# What you have to do
Start to finish, print the data below exactly, without the images.

# Given data

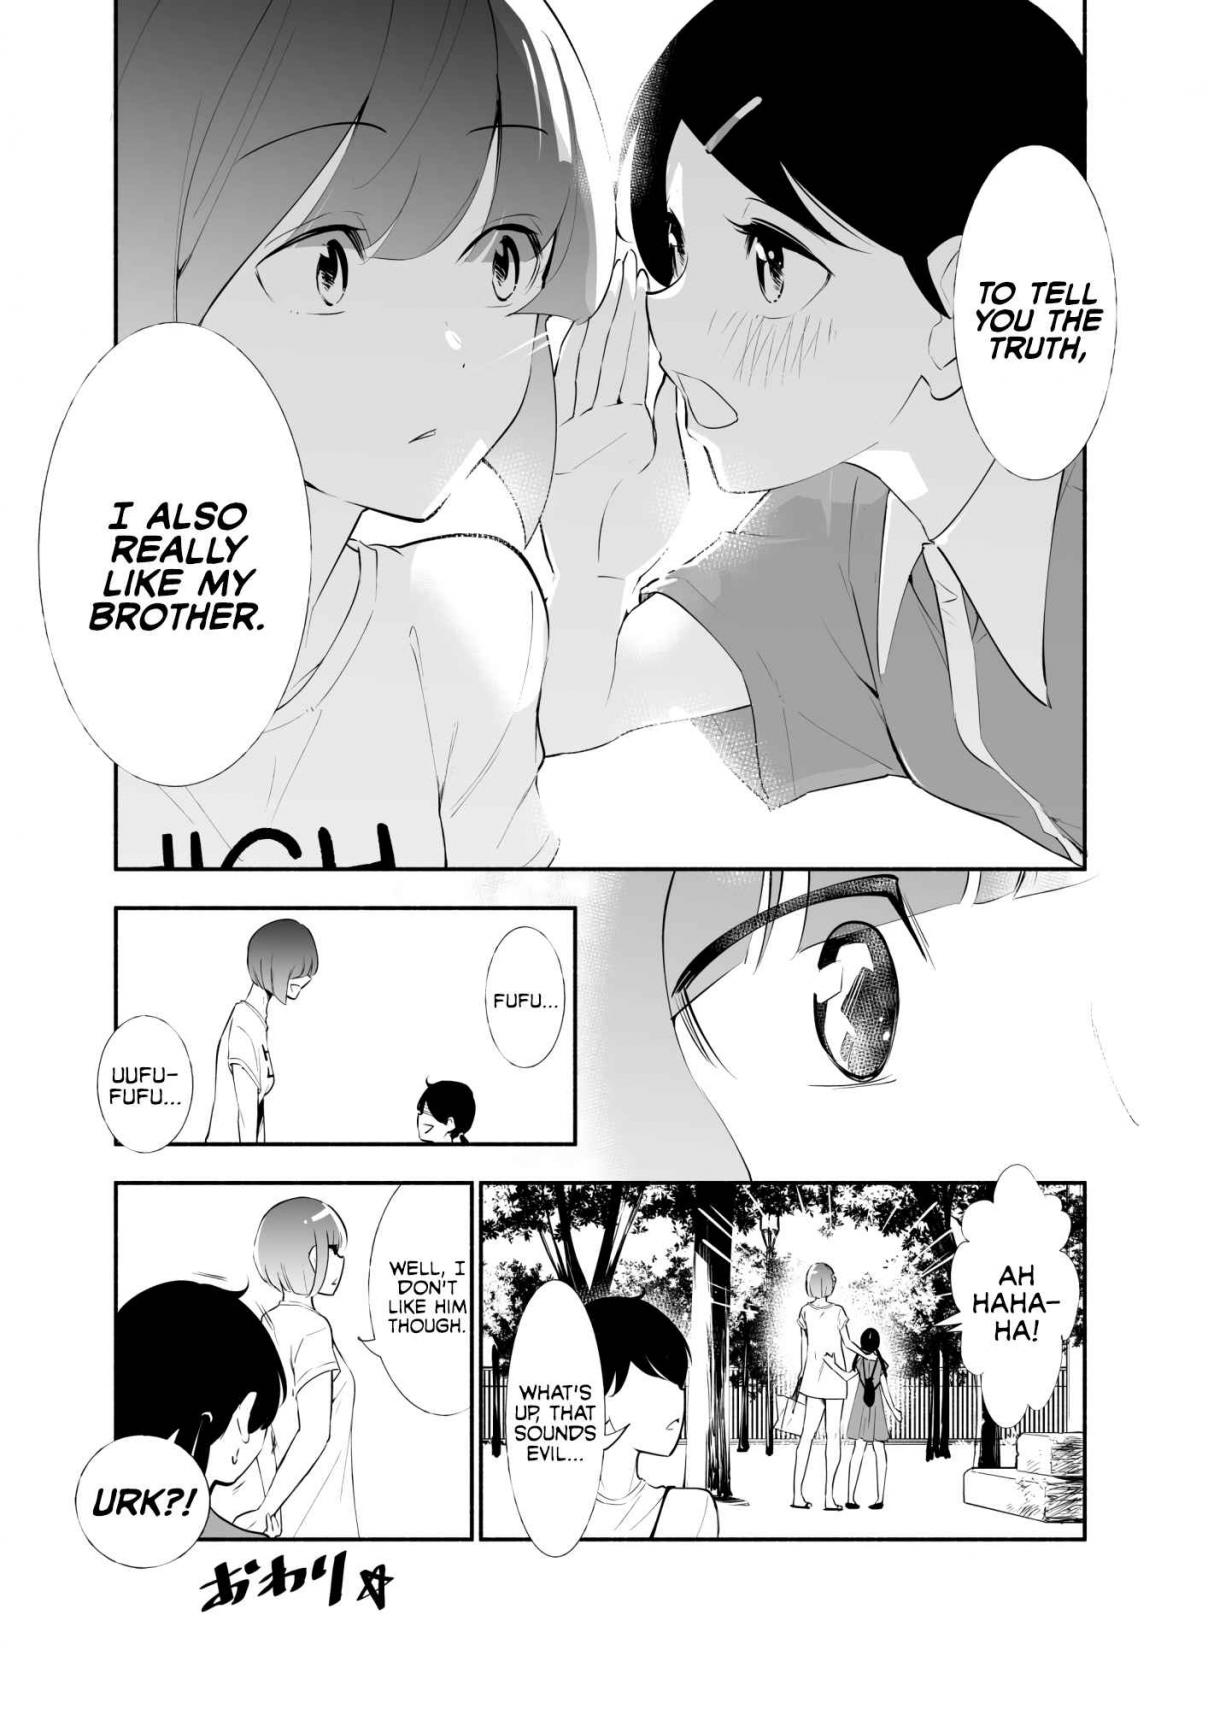 Until the Tall Kouhai (Girl) and the Short Senpai (Boy) Relationship Develops Into Romance Vol. 1 Ch. 6 Like Minded
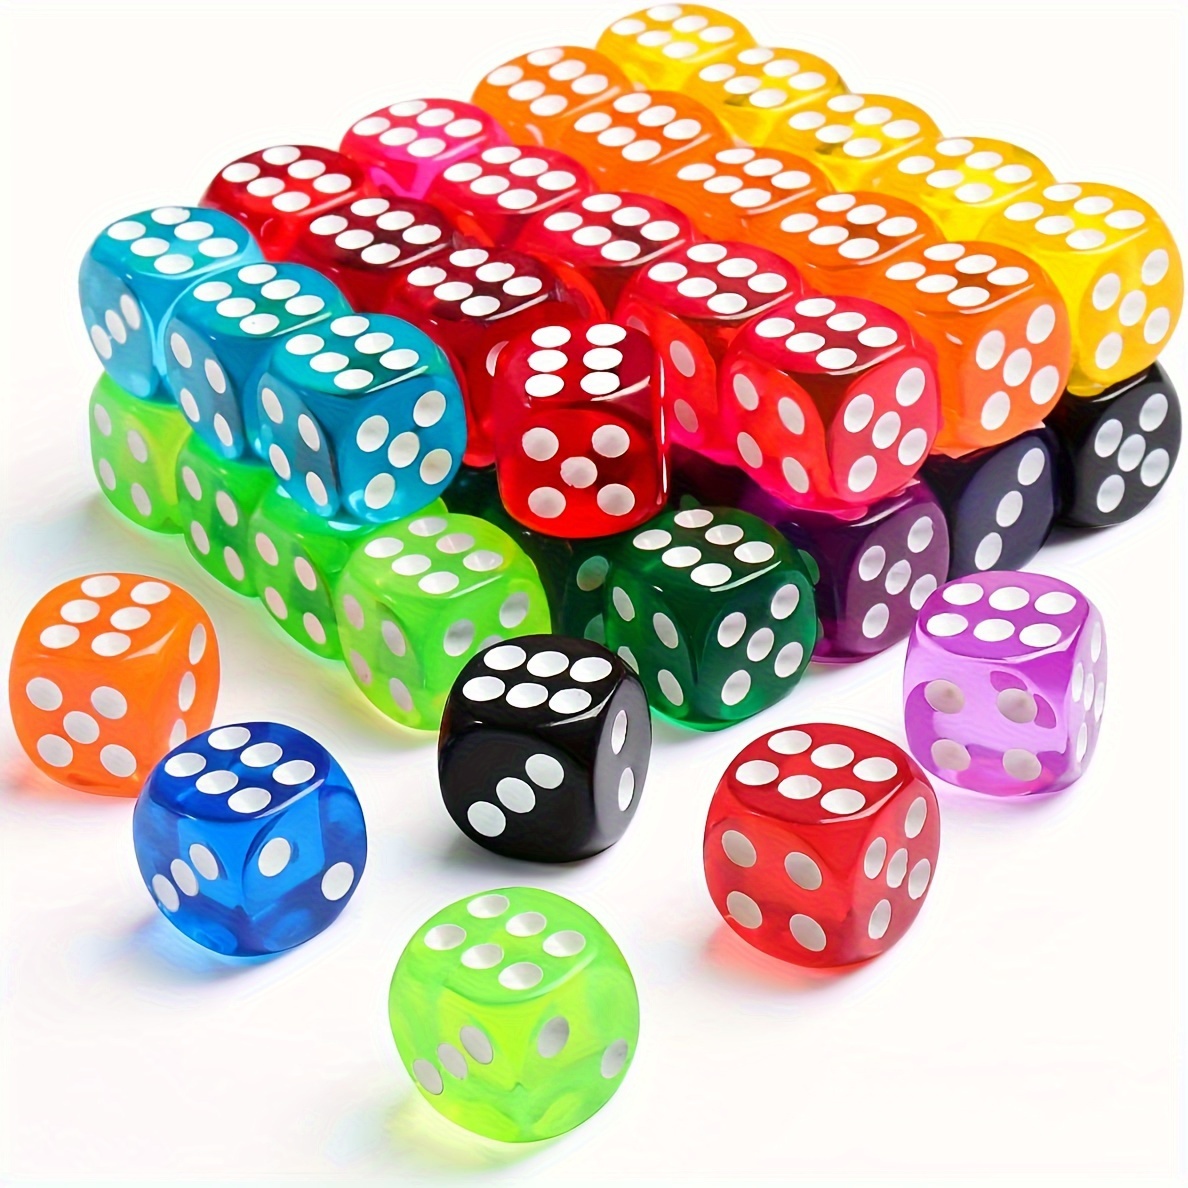 

50pcs Colorful 6-sided Dices For Board Games, 16mm Bulk Dices For Math Learning
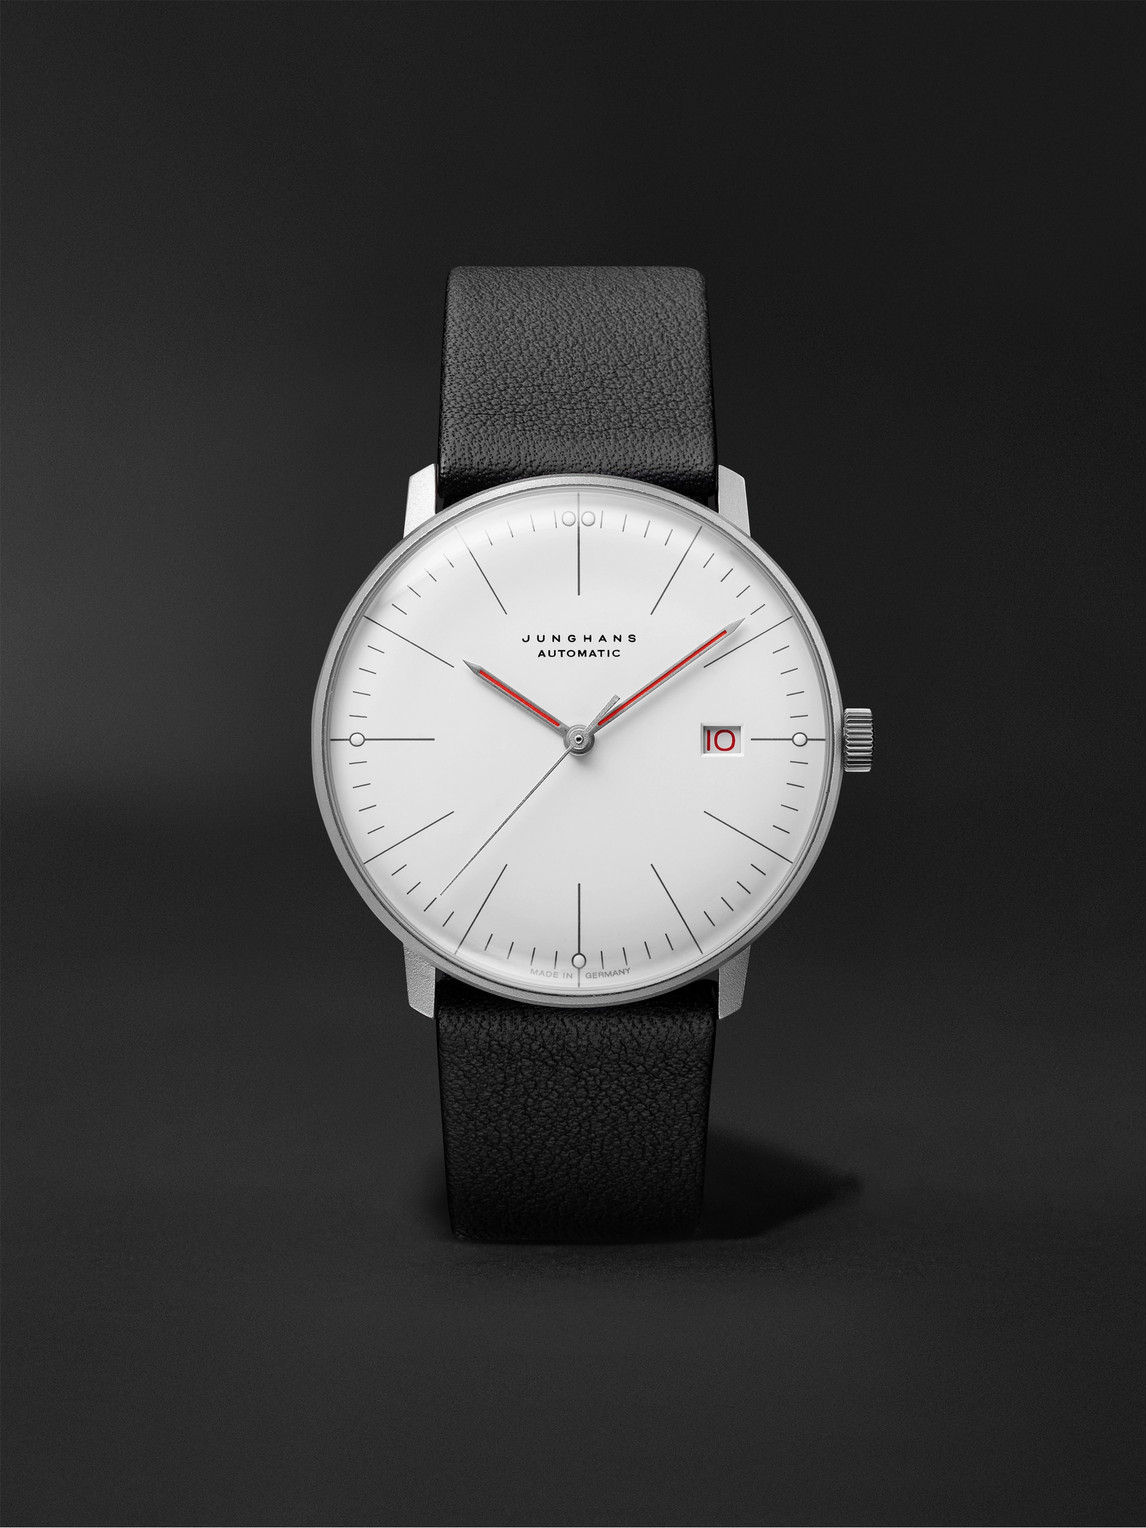 Junghans Max Bill Bauhaus Automatic 38mm Stainless Steel And Textured-leather Watch, Ref. No. 027/4009.02 In White

# Response area
 Until the Tall Kouhai (Girl) and the Short Senpai (Boy) Relationship Develops Into Romance Vol. 1 Ch. 6 Like Minded

50pcs Colorful 6-sided Dices For Board Games, 16mm Bulk Dices For Math Learning
 Junghans Max Bill Bauhaus Automatic 38mm Stainless Steel And Textured-leather Watch, Ref. No. 027/4009.02 In White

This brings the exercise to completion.